Néanmoins les comparaisons internationales demeurent relatives et difficiles à mener car les indicateurs utilisés ne sont pas les mêmes : notamment le niveau de diplôme est constitué de manière nationale suivant les cursus d'études supérieures existant dans le pays. Il est donc difficile d'harmoniser les outils de catégorisation; un institut s'y emploie, il s'agit d'Eurostat qui travaille à l'élaboration d'un "eurobaromètre", c'est-à-dire d'une enquête au niveau européen portant sur les pratiques et les opinions. Dans le verbatim précédent, l'enquêté explique que ce qui complique la comparaison n'est pas uniquement le manque

d'harmonisation des indices mais aussi le nombre de variables utilisées pour analyser un phénomène donné, or les Français auraient tendance à multiplier les variables à prendre en compte (donc supposées explicatives) dans l'analyse d'un phénomène.

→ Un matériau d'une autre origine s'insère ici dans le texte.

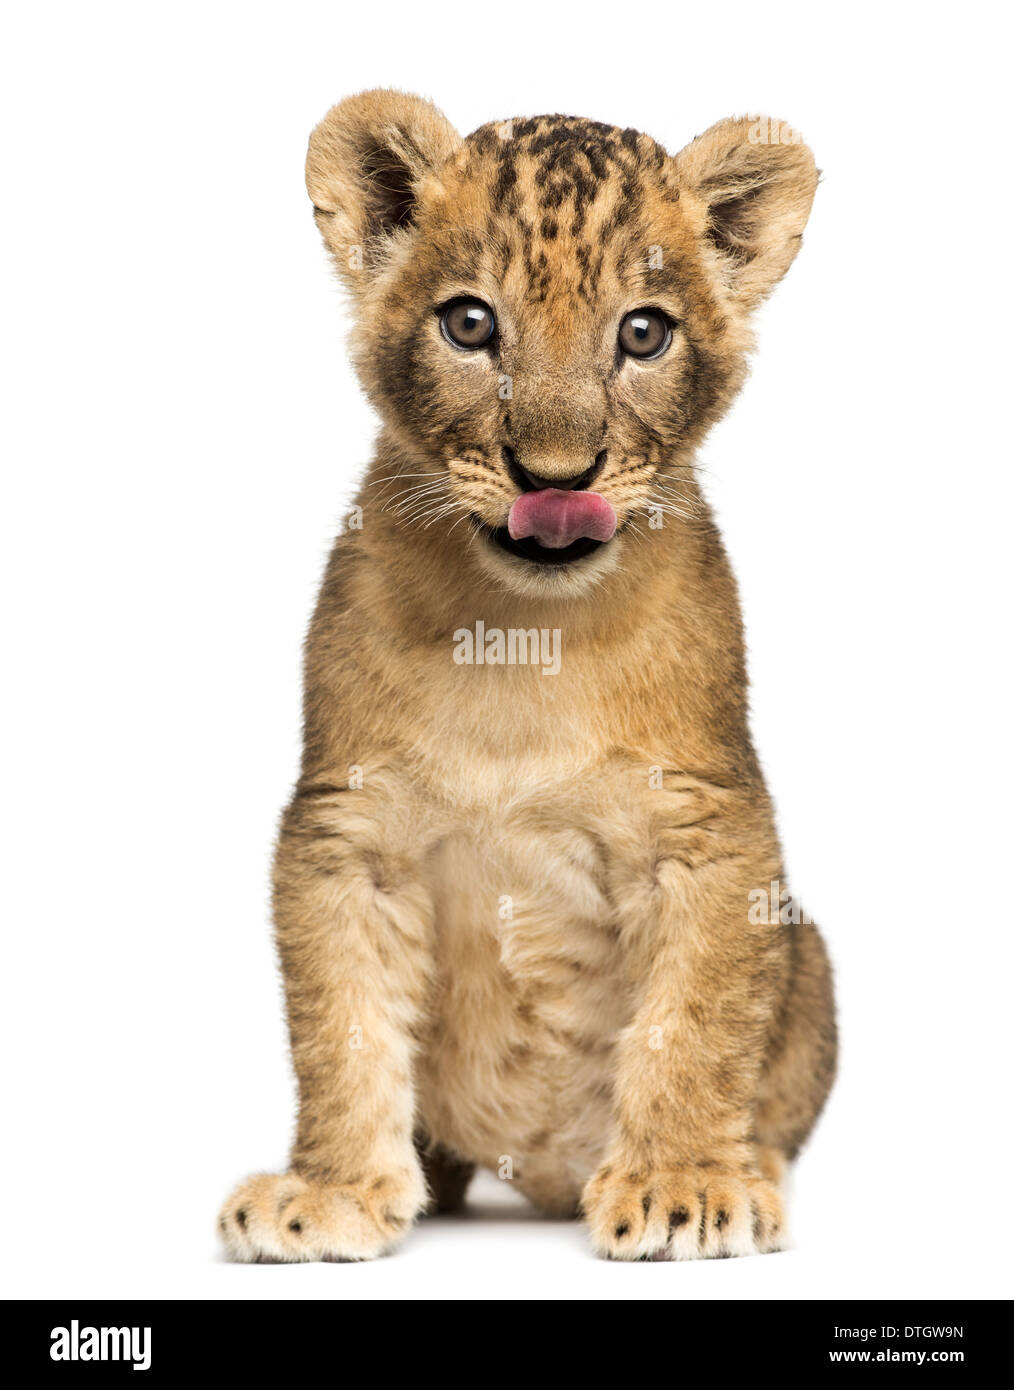 Lion cub seduta, leccare, 7 settimane di età, contro uno sfondo bianco Foto Stock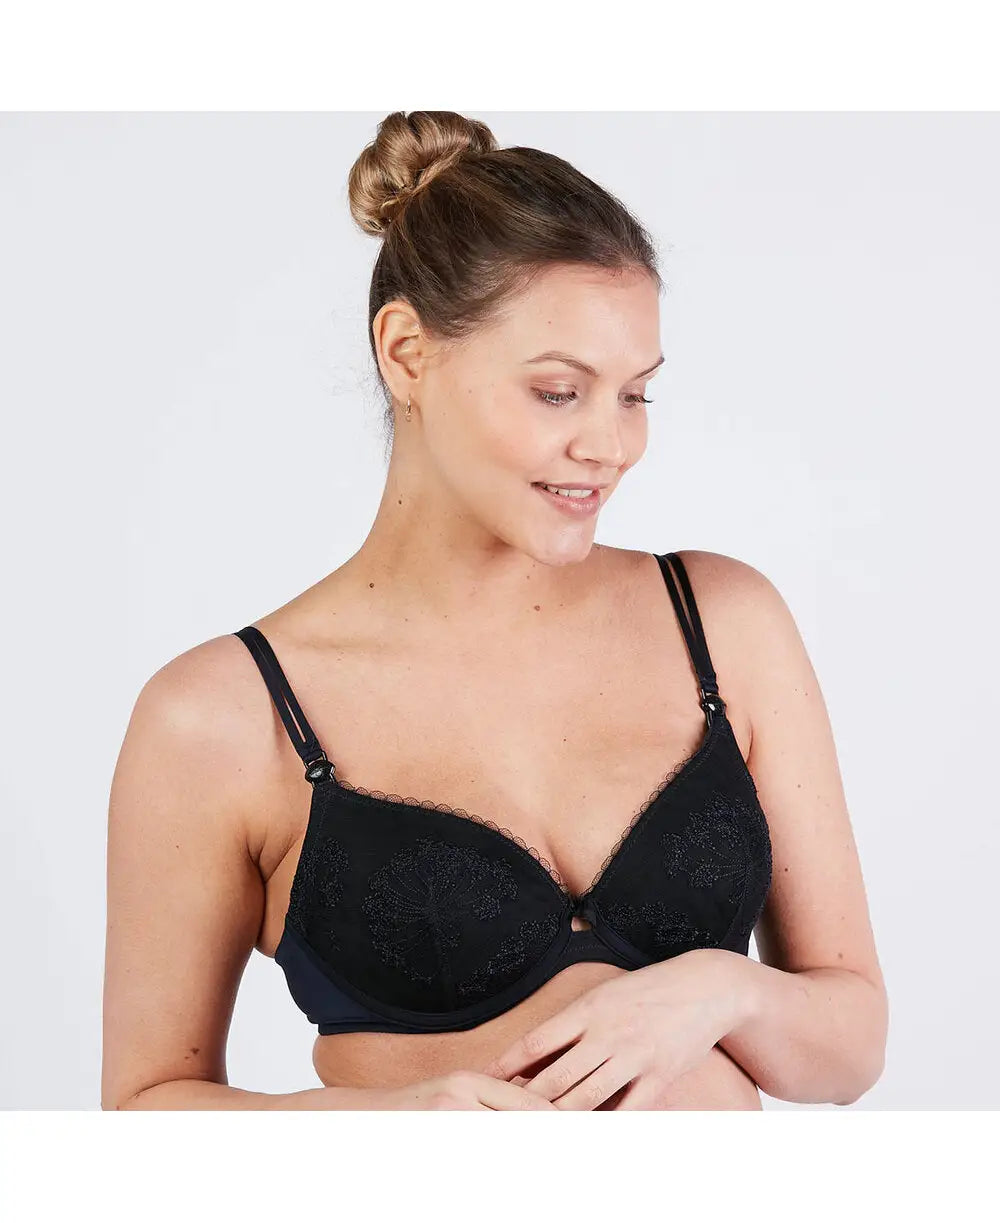 Lace push-up bra

« Il y a quand même une universalité des outils qui fonctionne bien parce qu’ils permettent la référence et la comparaison avec d’autres études. Mais ça peut arriver que ça ne rentre pas dans la classe.»

(homme, 34ans,SOND)

Pour synthétiser, l'intérêt de l'utilisation des outils de catégorisation de l'INSEE réside dans leur "universalité" (même si celle-ci demeure relative et limitée ) qui permet des comparaisons, des économies de temps et de construction de l'étude tout en apportant un gage de scientificité car ces nomenclatures sont reconnues par tous. Ce qui n'empêche pas la réflexion sur leur définition : ainsi la définition des PCS est réactualisée de temps à autre et sa pertinence réinterrogée, comme nous le verrons ultérieurement.

« Il y a toujours les découpes classiques qui sont âges, CSP, bidule etc, ça c’est pour repérer les gens et ça on en a besoin parce que…Essentiellement pour par exemple…Nous pour communiquer auprès des gens, il faut qu’on puisse les toucher. Pour les toucher, il faut qu’on sache les repérer et savoir où ils sont. Donc généralement, on essaye de toujours avoir des choses qui soient repérables » (homme, 40 ans, MKG)

Les variables socio démographiques permettent de partir du connu, donc d'effectuer sans trop de difficulté le repérage de la population à analyser. Ce qui est un atout tant dans la mise en place de l'étude en terme de gain de temps et de facilité de mise en œuvre mais aussi dans la communication autour de l'enquête : cela permet de partager des références communes avec les commanditaires, le public et les collègues : tout le monde a une idée de ce qu'est l'âge, le sexe, la catégorie sociale, etc..

« Donc, en fait, on part de catégories déjà établies pour élargir, et que tout le monde s’y intéresse.»

(femme, 27 ans, POL)

Partir de ces grandes variables déjà établies permet grâce à un langage commun de communiquer autour de l'enquête et d'y intéresser le plus grand nombre. Mais au-delà du passage obligé que constitue la mobilisation d'outils classiques de catégorisation reconnus comme quasiment universel, enfin tout du moins en France, il s'avère le plus souvent nécessaire d'affiner les catégories établies par la combinaison de variables classiques avec d'autres variables, dépendantes du sujet d'études.